### TASK OBJECTIVE
Begin the copy at the line containing "e una sorpresa" in the data below and end it at the line containing "Οι εκτάςεισ των", keeping each line exact and leaving out pictures.

### RECORD SET
::::

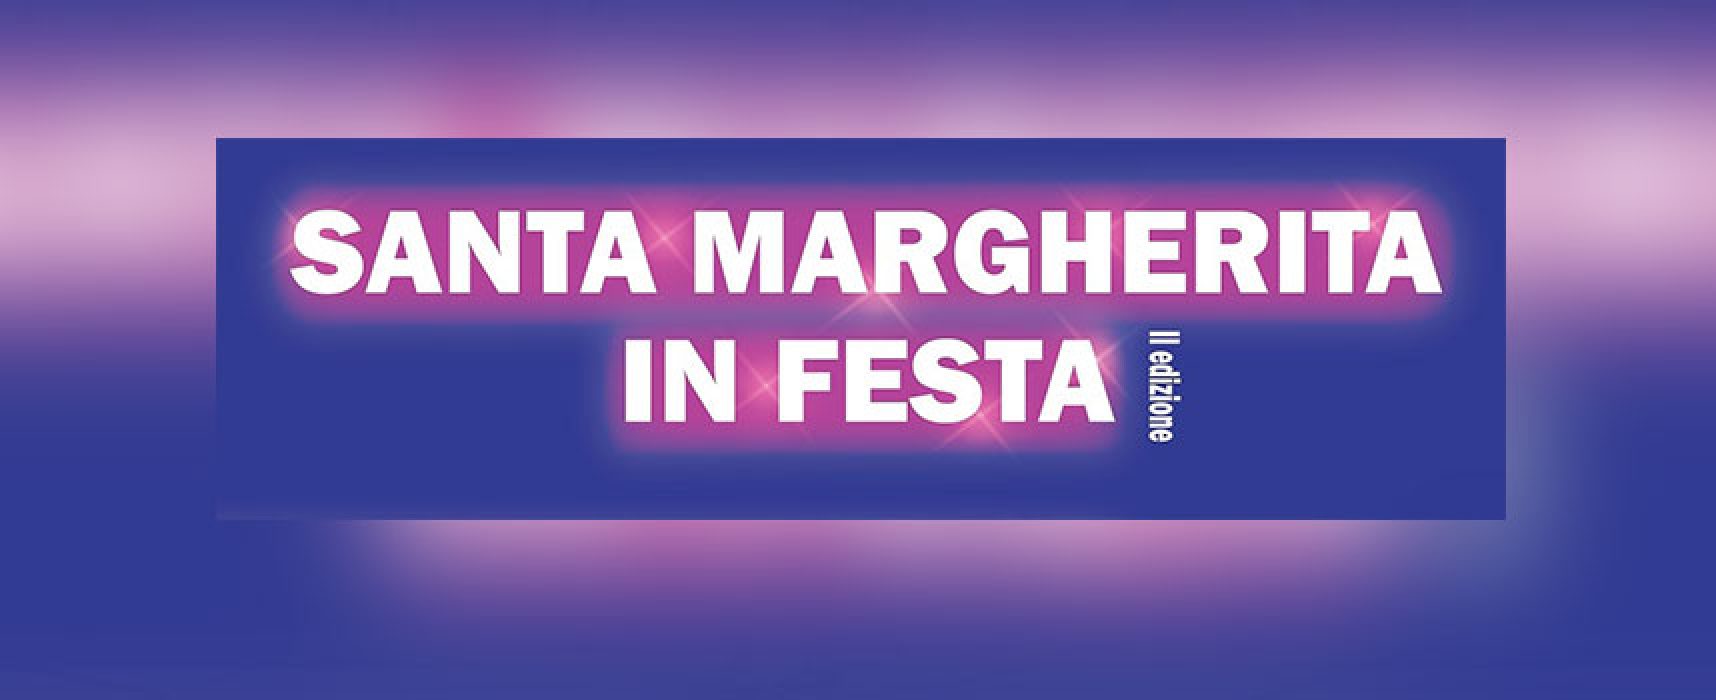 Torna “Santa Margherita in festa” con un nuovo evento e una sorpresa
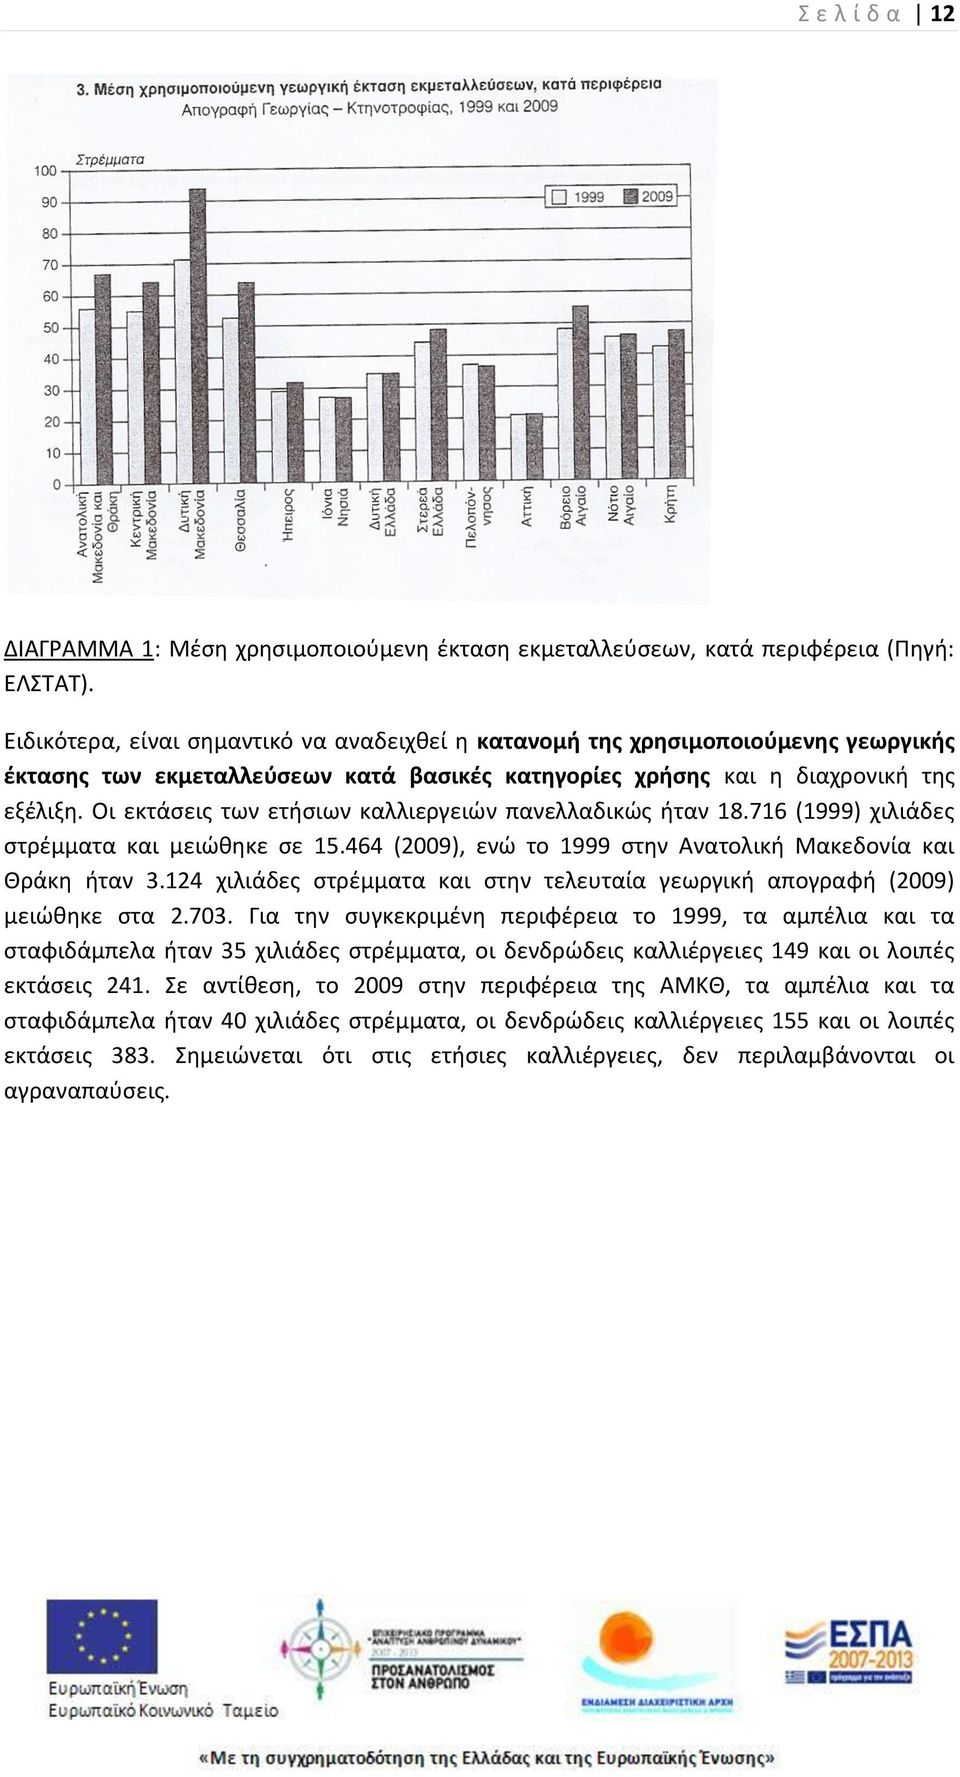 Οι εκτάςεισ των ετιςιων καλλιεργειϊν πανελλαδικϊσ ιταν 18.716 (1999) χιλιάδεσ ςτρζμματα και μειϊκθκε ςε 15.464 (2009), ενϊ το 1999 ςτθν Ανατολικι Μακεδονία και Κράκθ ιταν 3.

::::

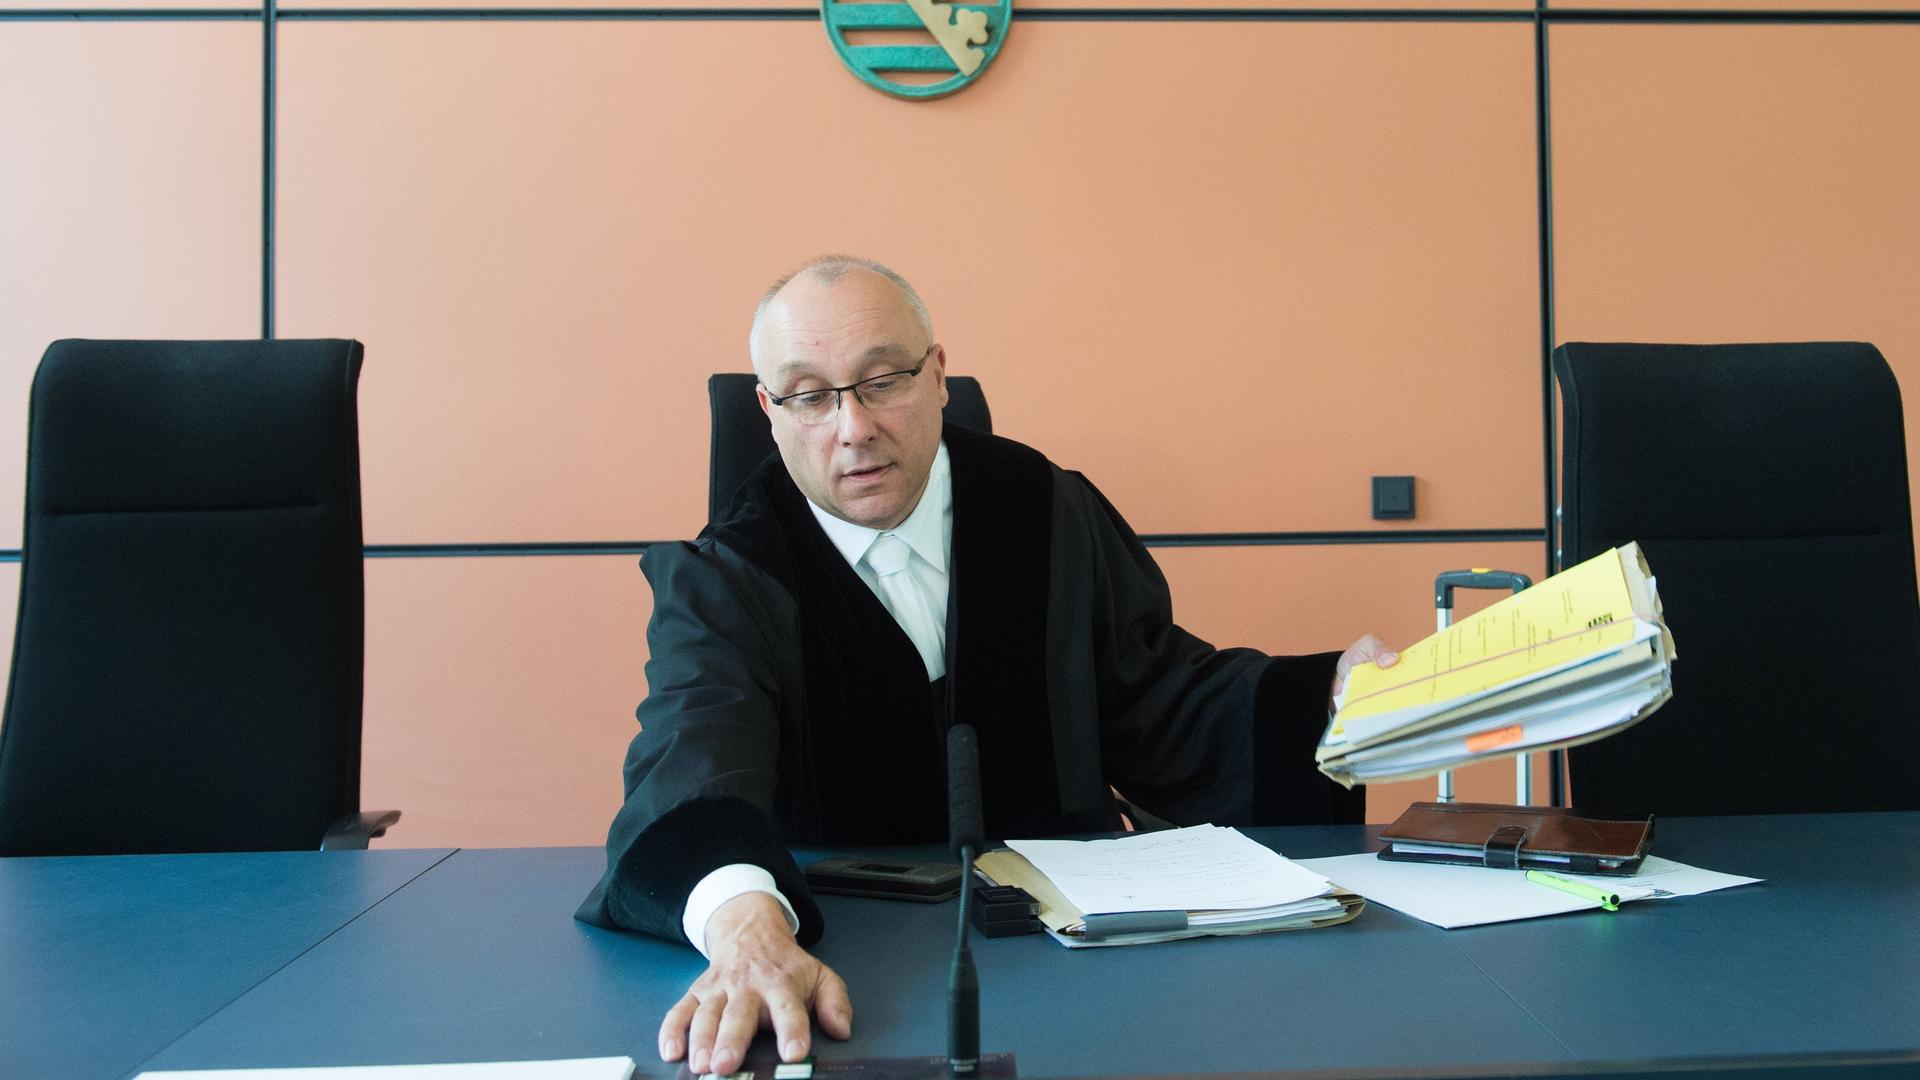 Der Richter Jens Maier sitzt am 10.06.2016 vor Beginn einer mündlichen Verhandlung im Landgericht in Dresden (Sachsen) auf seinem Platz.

::::

### WRITTEN SOLUTION
 Torna “Santa Margherita in festa” con un nuovo evento e una sorpresa
 Οι εκτάςεισ των ετιςιων καλλιεργειϊν πανελλαδικϊσ ιταν 18.716 (1999) χιλιάδεσ ςτρζμματα και μειϊκθκε ςε 15.464 (2009), ενϊ το 1999 ςτθν Ανατολικι Μακεδονία και Κράκθ ιταν 3.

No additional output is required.